Напоследок Мозырский обернулся, махнул рукой и, пропустив в палату медработницу с тележкой, исчез за дверью. Город без населения снова остался наедине с тишиной.
А Мозырь тем временем покидал старое здание приюта в совершенно иных чувствах, чем заходил сюда — мысли, целая туча мыслей вмиг овладела им, закружила его, завьюжила и понесла прочь от киевских улиц… Слова брата стали для него откровением и едва ль не спасеньем, в которое он уже почти что не верил — точно своей просьбой он давал Марку разрешение оставить опостылевший пост. Странно, но факт: впервые после встречи с братом в больнице Мозырь не желал ему смерти и, тем самым, освобождения для себя — может, потому что уже был освобожден?..

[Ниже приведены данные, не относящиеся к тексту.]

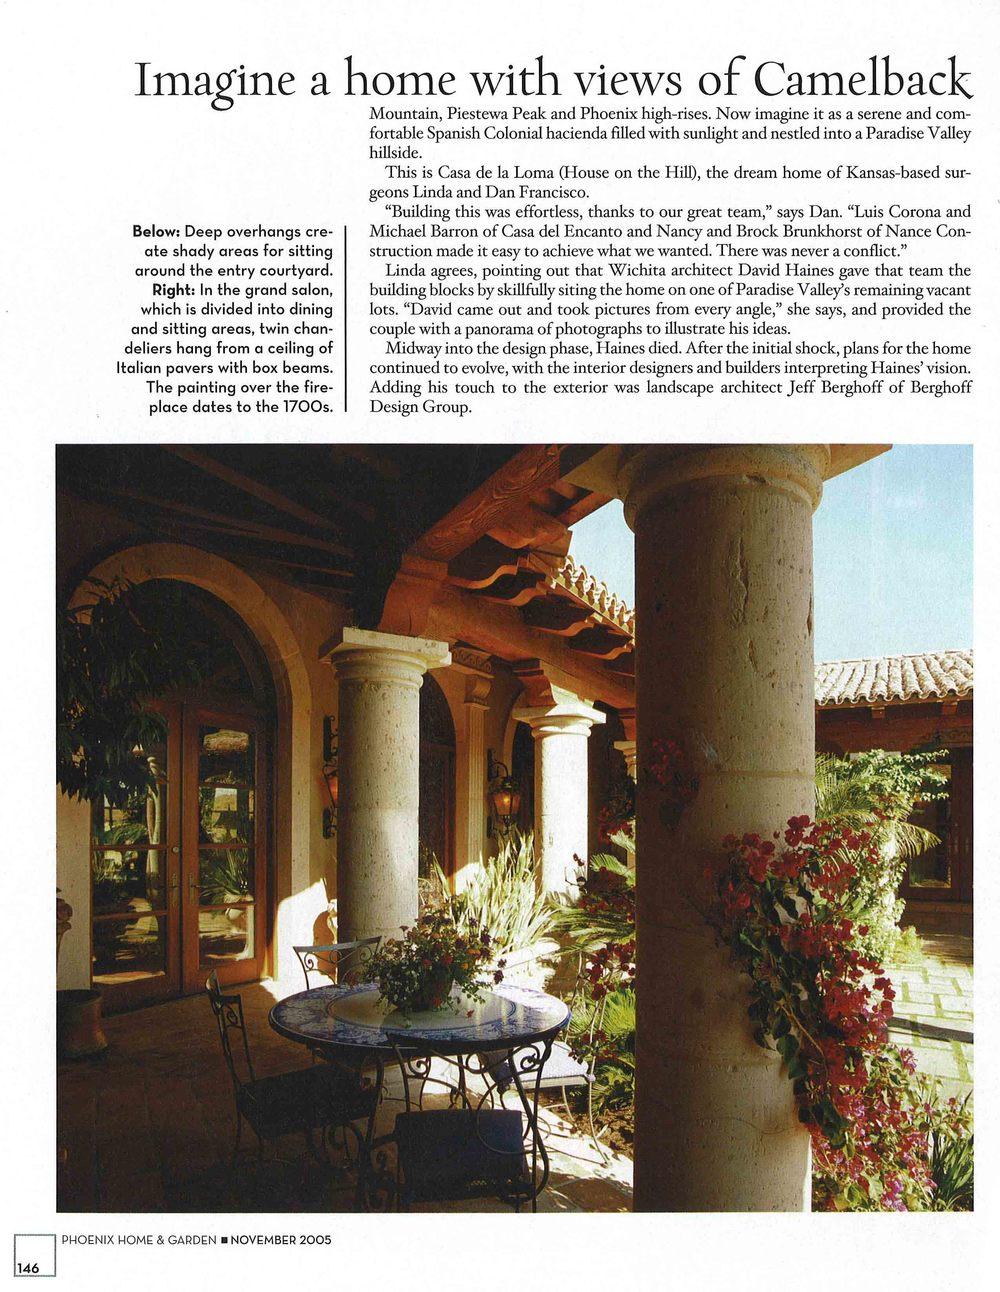 PHGnov05 pg 4 72.jpg

На вокзале в ожидании поезда Мозырскому невольно подумалось, что его нынешнее, не знакомое ему прежде, чувство напоминает свободное падение в игре на доверие, модной в современных компаниях. Когда ты летишь в руки других, снимая с себя ответственность за свою судьбу, а тебя ловят твои коллеги. Раньше Марк считал эту игру полной глупостью, вероятно, таковой она и была, вот только чувство… Он никогда бы не поверил, что потерять контроль может быть нестрашно.
Марк смотрел в мутное окошко вагона и улыбался. Поезд вез его домой, в Беларусь.